Bo had made his living breeding the dogs for the police department as well as for other clients. Darby had been part of that business until the divorce and even now, one of her part-time jobs was cleaning the kennels at the training center.

In Carson’s experience, German shepherds were exceedingly sensitive when it came to certain character traits and if Darby had somehow been involved in Bo’s murder, maybe the dog would pick up on that.

But Justice’s response to his former trainer’s ex seemed favorable. So much so that when Darby absently stroked the top of the dog’s head, Justice wagged his tail.

Taking that into account, Carson still pushed on. “Where were you around 6:30 p.m. the night Bo was killed?” he asked Darby. Then, realizing the waitress might play dumb about the date, he started to add, “That was on—”

“I know when Bo was killed,” Darby said, cutting him off. “I was just leaving the kennels after cleaning up at the training center.”

Technically, he already knew that because he had got her schedule by calling the places where she worked. But he wanted to hear what she had to say. “Anyone see you?”

“Other than the dogs?” she asked.

He couldn’t tell by Darby’s expression if she was being sarcastic or just weary. Given that Bo had put her through the wringer and was the reason why she had to hold down all these various jobs just to keep a roof over her head, for now he let the remark slide.

“Yes, other than the dogs.”

She thought for a moment. “I think one of the handlers, Jessop, was still there. He might have seen me.
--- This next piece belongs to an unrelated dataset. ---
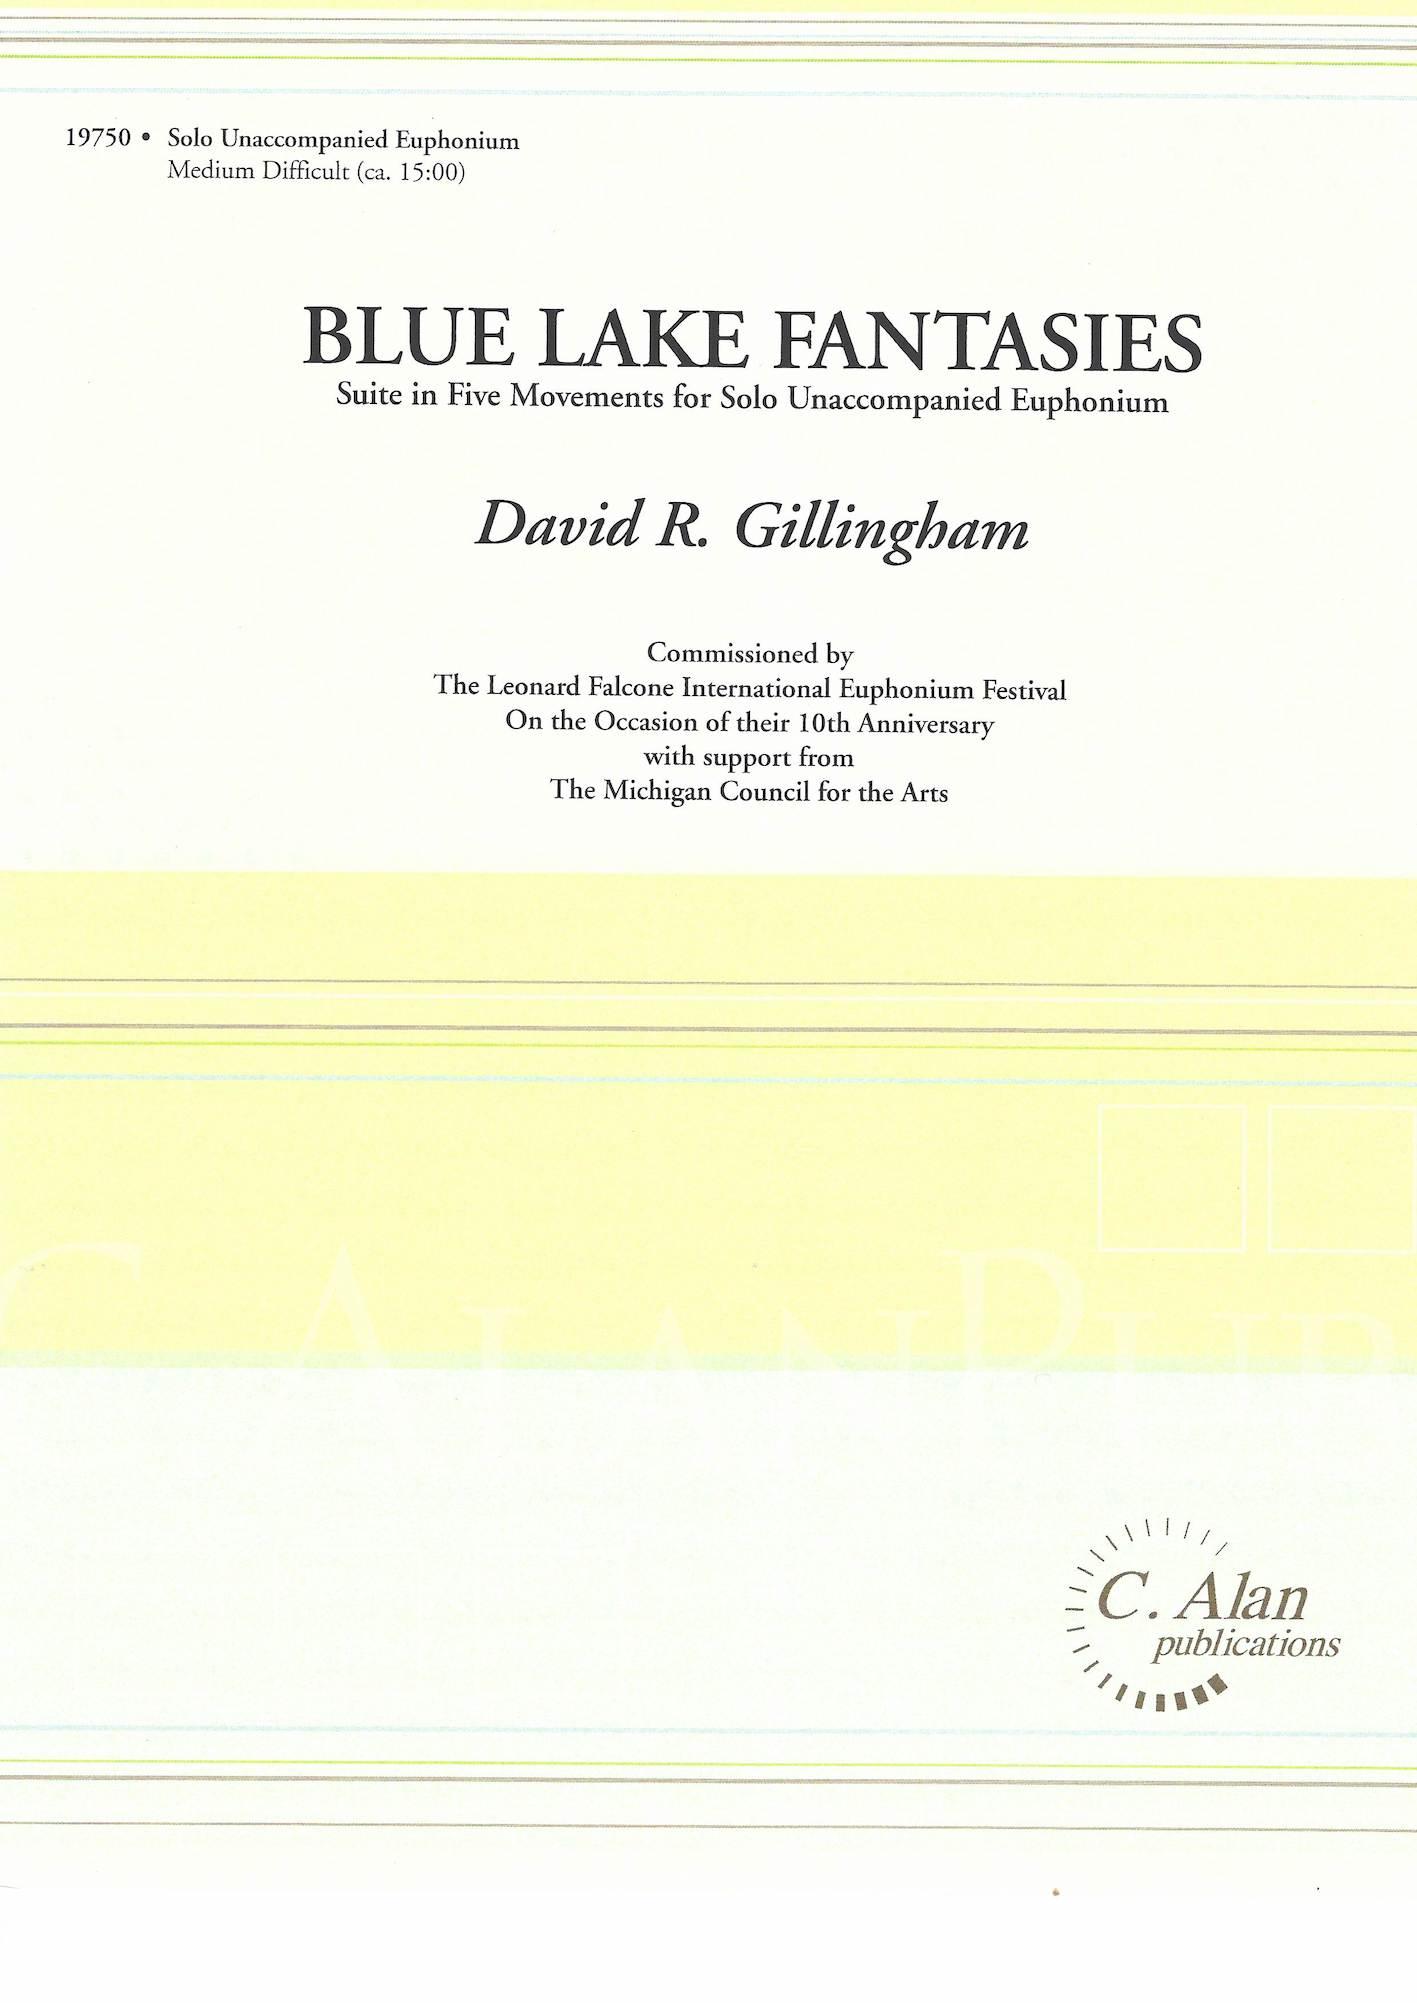 Blue Lake Fantasies (Suite in Five Movements) - David Gillingham - Unaccompanied Solo Euphonium

To be honest, I didn’t think I’d need an alibi so I didn’t make a point of having someone see me leave.” And then she suddenly remembered. “There’s a time card I punched out. That should be proof enough for you.”

He knew that there were ways to manipulate a time card. But since, in his opinion, Darby wasn’t the type who could even hurt a fly, he nodded and said, “Yes, it should.” Getting up from the table, he dug into his pocket and took out five dollars. He put it down on the table. “Thanks for your time, Darby. I’ll get back to you if I have any other questions.”

Darby picked up the five dollar bill and held it up for him to take back. “You can’t leave a big tip, you didn’t buy anything,” she pointed out.

Carson made no attempt to take the money from her. “I took up your time,” Carson answered.

With that he and Justice left the diner.